Can women be on money? The answer is yes, but only if it’s quarters and only if it’s on the back of the coin. The U.S. Mint has announced that next year will mark the beginning of the American Women Quarters™ Program. From 2022 to 2025, five new quarters will be released annually, each displaying a different woman’s face (on the back).

Next year, you’ll be able to use the faces of Sally Ride, Maya Angelou, Wilma Mankiller, Nina Otero-Warren, and Anna May Wong when doing especially female things like laundry or buying a can of Diet Coke at the corner store. George Washington will still be on the front of the coin, but with a feminist twist: the new woman quarters feature a design from the late artist Laura Gardin Fraser that was originally recommended for the 1932 quarter. Now, 89 years after that recommendation and 55 years after her death, we’re getting her coin. Slay.

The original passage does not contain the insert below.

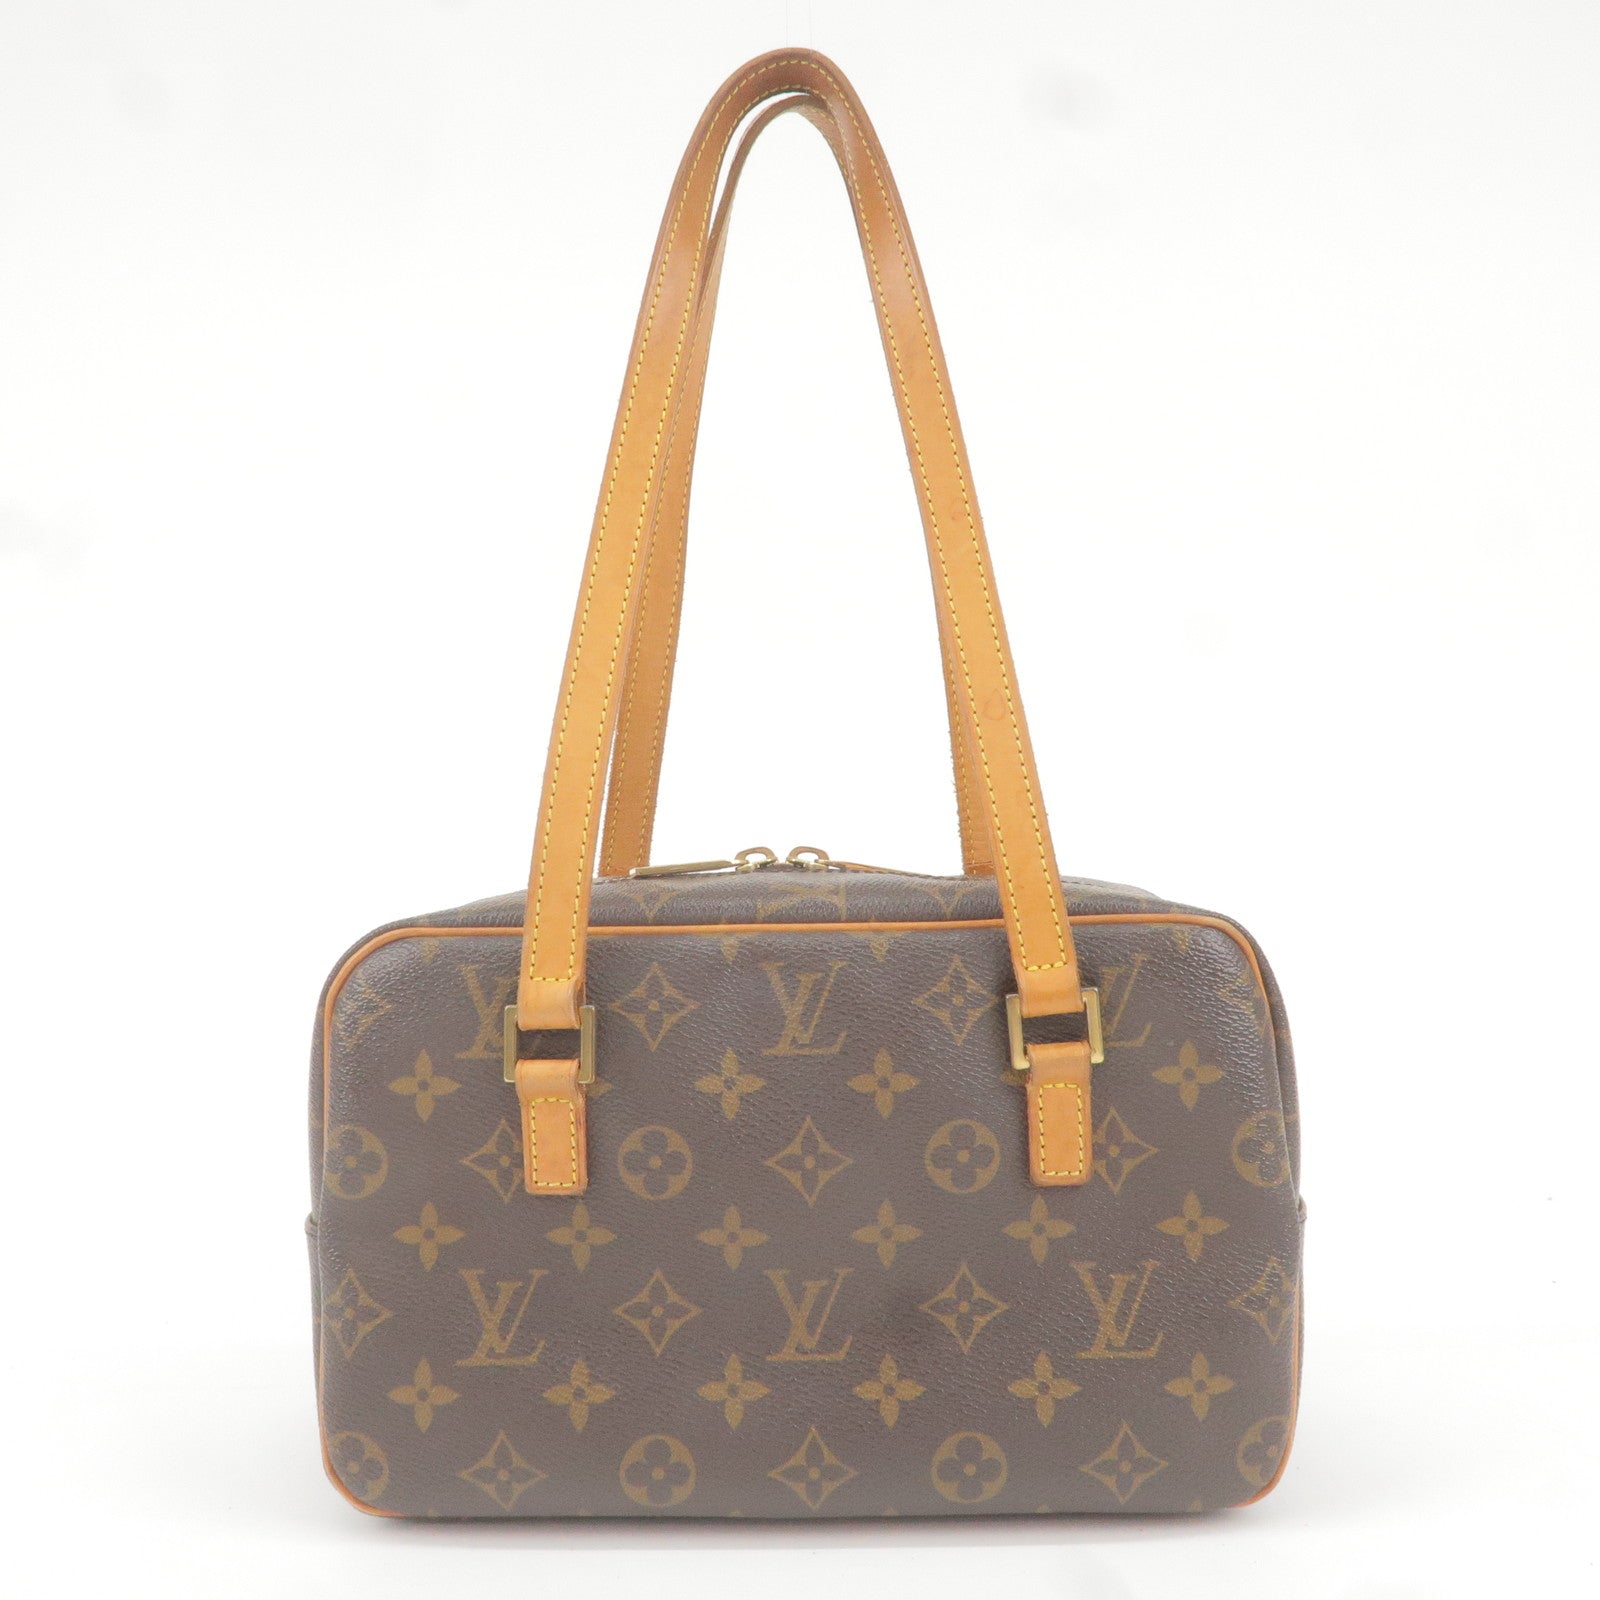 Unboxing Louis Vuitton damier ebene mini papillon bag it's so cute gorgeous  designer handbag 
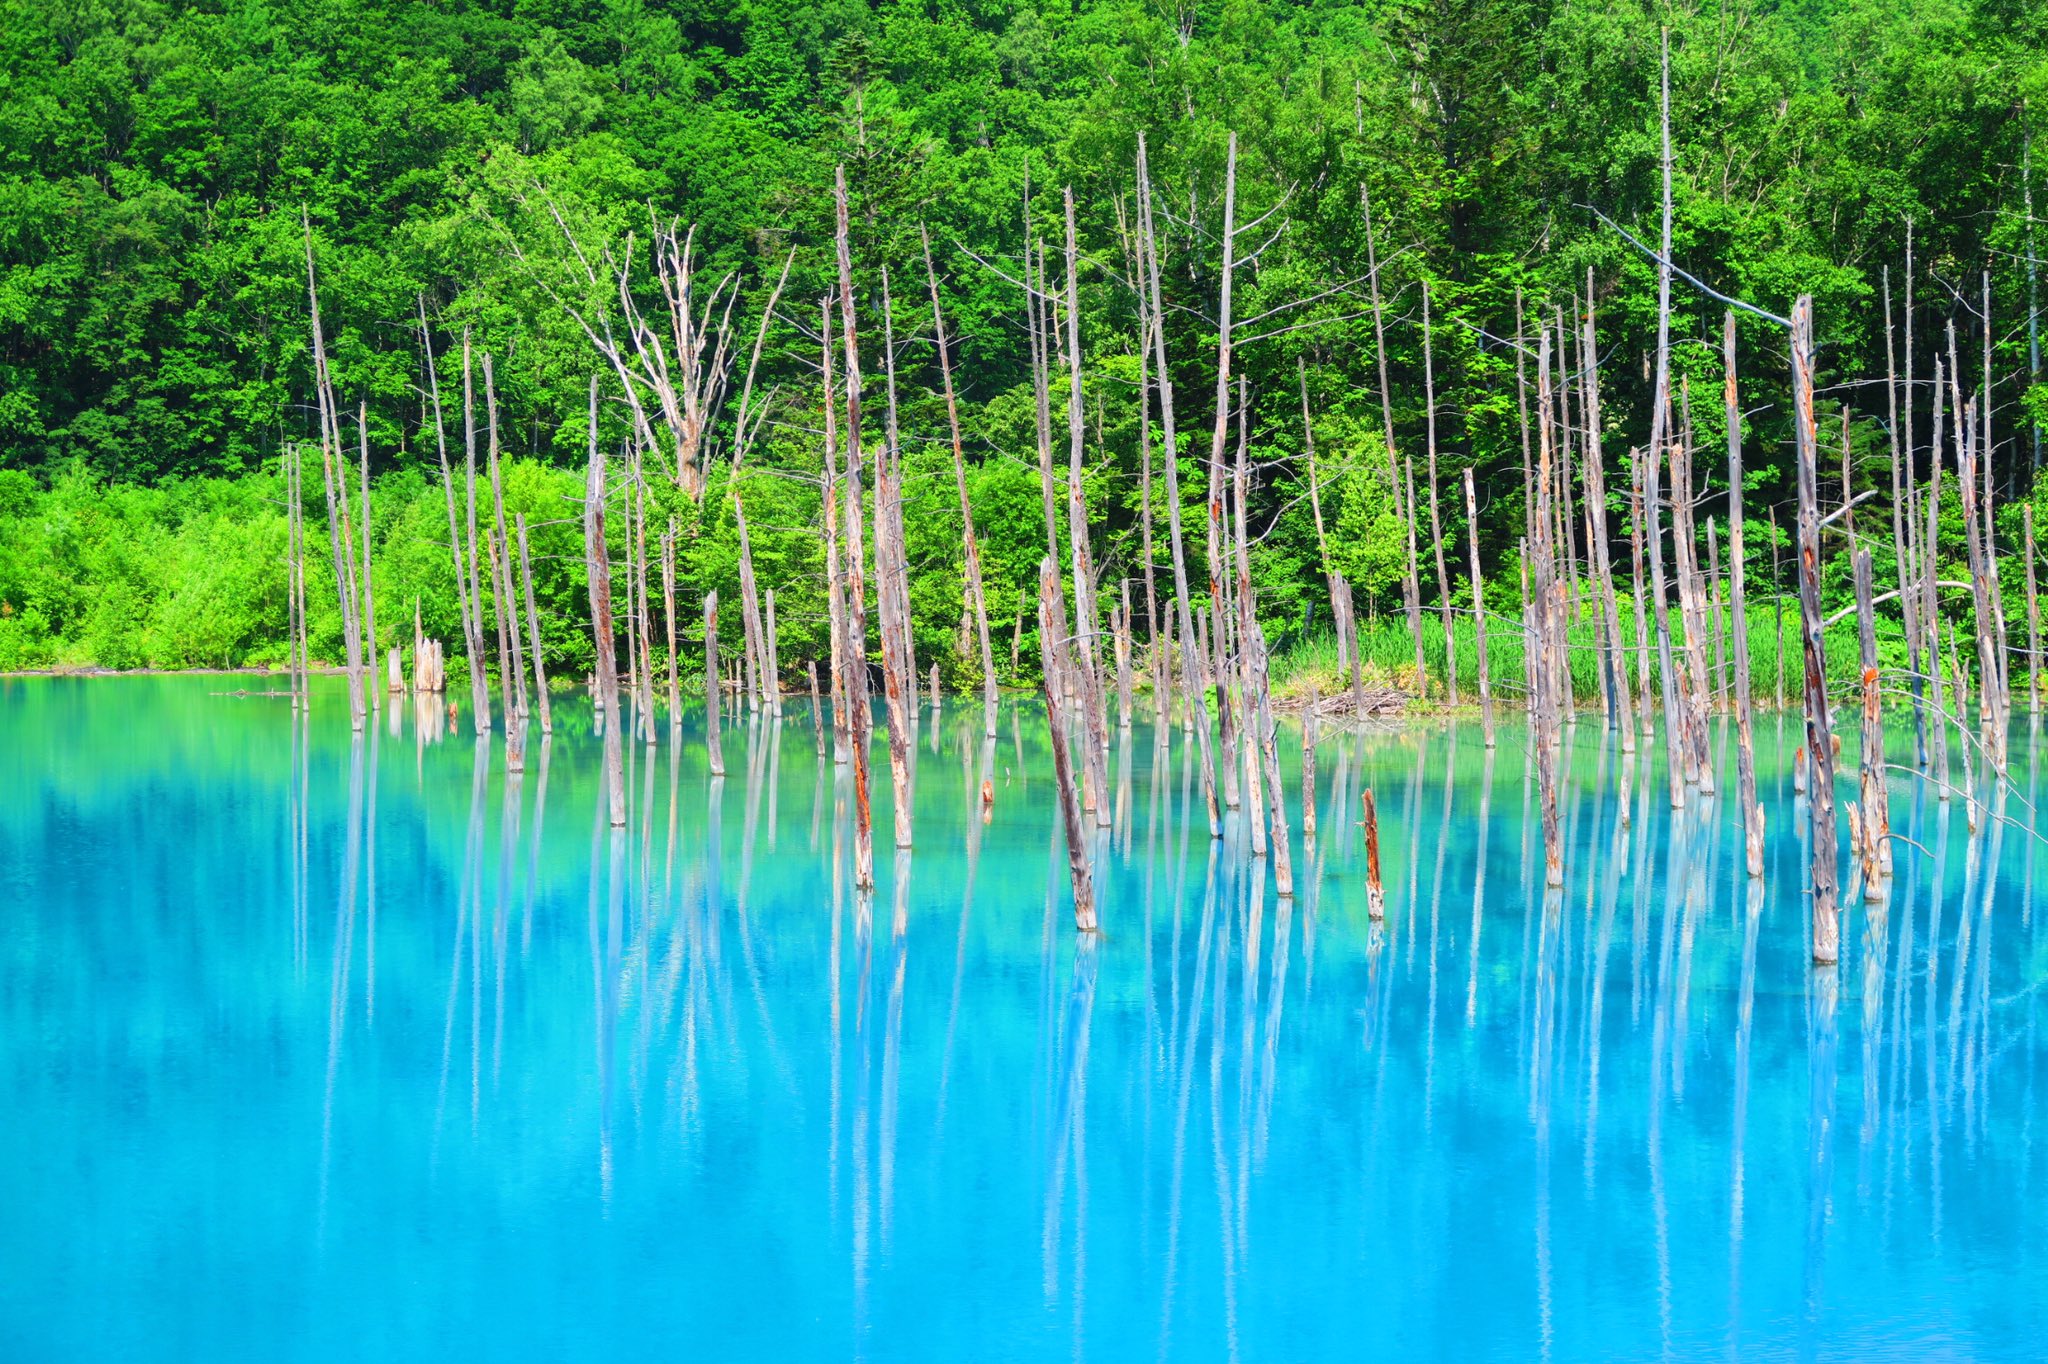 どあのぶ A Twitter 北海道 青い池 ダム工事の影響で偶然できた水たまりだそうです Apple社のiphoneなどの壁紙に採用されるほどの絶景でエイジブルーと呼ばれる鮮やかな青が綺麗なので是非行ってみて欲しいです 写真のような青の池が広がっていますよ 北海道

Apparently it is much easier to put women on the backs of coins than it is to put them on an actual bill. President Biden promised early in his term that his administration would try to “speed up” the process of putting Harriet Tubman on the $20 bill. Obviously that has not yet happened, and ATMs across the country are still spitting out the visage of Andrew Jackson.

So for the time being we have to settle for the backs of quarters when looking for female representation in our cash, unless you still have one of those Sacagawea gold dollars kicking around somewhere. Say what you will about Bill Clinton, but he did put a woman’s worth at one whole dollar.